Late Palaeozoic cyclothems – A review of their stratigraphy and sedimentology

Abstract The term “cyclothem” was coined by Wanless and Weller (1932) to characterize a repetitive stratigraphic motif in the Pennsylvanian succession of the Illinois Basin, central USA, and it subsequently became popular among geologists as a general term for similarly repetitive successions worldwide. Although use of the term has become somewhat indiscriminate in the interim, it is here considered best reserved for the distinctive stratal rhythms characteristic of the late Palaeozoic in the palaeotropical realm of Laurussia, recording repeated alternation of marine and nonmarine depositional conditions. Cyclothems comprise arrays of terrigenous clastic, organic, and chemical/biochemical lithologies that record accumulation mainly on slowly-subsiding platforms and ramps, under limited accommodation and limited sediment supply, often strongly seasonal tropical and subtropical climates, and forcing by repeated, large-magnitude excursions of sea level.
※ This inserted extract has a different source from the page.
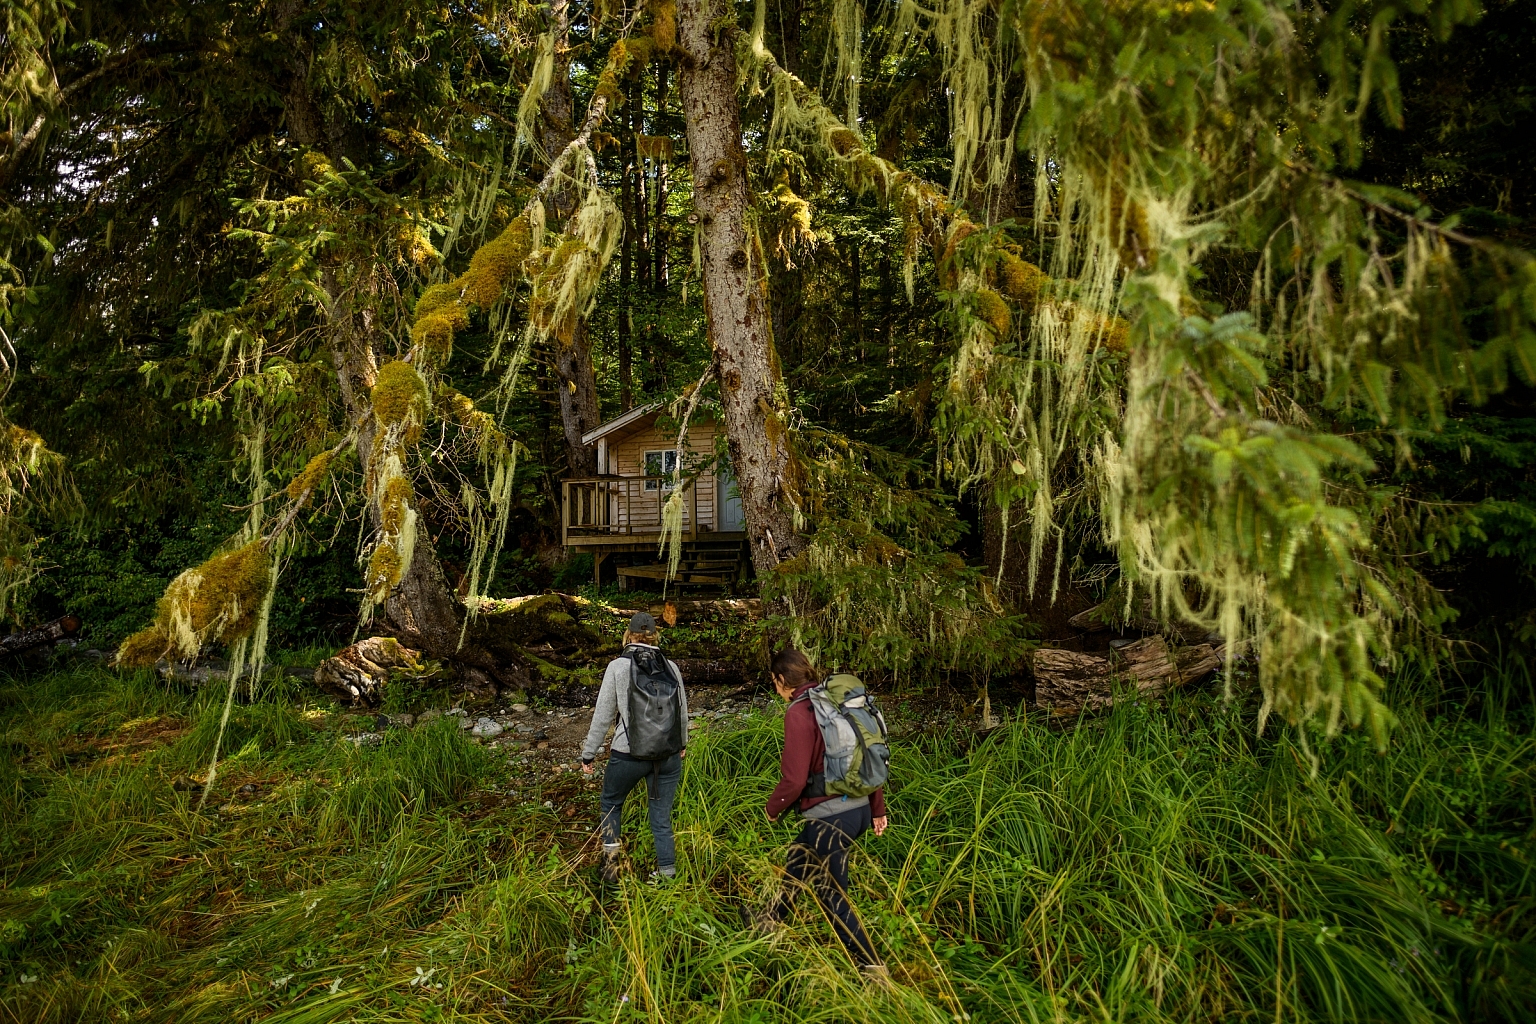 Two hikers walk towards the Haisla Cabin at Shearwater Hot Springs Conservancy. The path is overgrown with grass and trees with moss surround the cabin.

A spectrum of variation is recognized, from carbonate-mudrock-dominated variants at one extreme to coarse clastic-dominated styles at the other. Cyclothems can be rationalized as depositional sequences which are thin (metres to a few tens of metres), condensed, incomplete in terms of systems tracts, and top-truncated. Given their demonstrated widespread extent, cyclothems have been attributed by many researchers to forcing by eustatic sea-level fluctuations, and a variety of evidence suggests they correlate to 100 kyr glacial cycles on Gondwana. By analogy with Quaternary 100 kyr glacial cycles, much of the time in a cycle was taken up by a protracted, complex drawdown of sea-level, during which valleys and channels were excavated and interfluves were pedogenically modified. Most of the depositional record of cyclothems probably formed in the relatively short interval following lowstand/glacial maximum when sea-level rose to its interglacial maximum. Analysis of cyclothemic successions can contribute to a fuller understanding of the magnitude of sea-level excursions and palaeoclimatic changes during the late Palaeozoic, and can help to pinpoint the timing of key events such as the main onset of the late Palaeozoic Ice Age.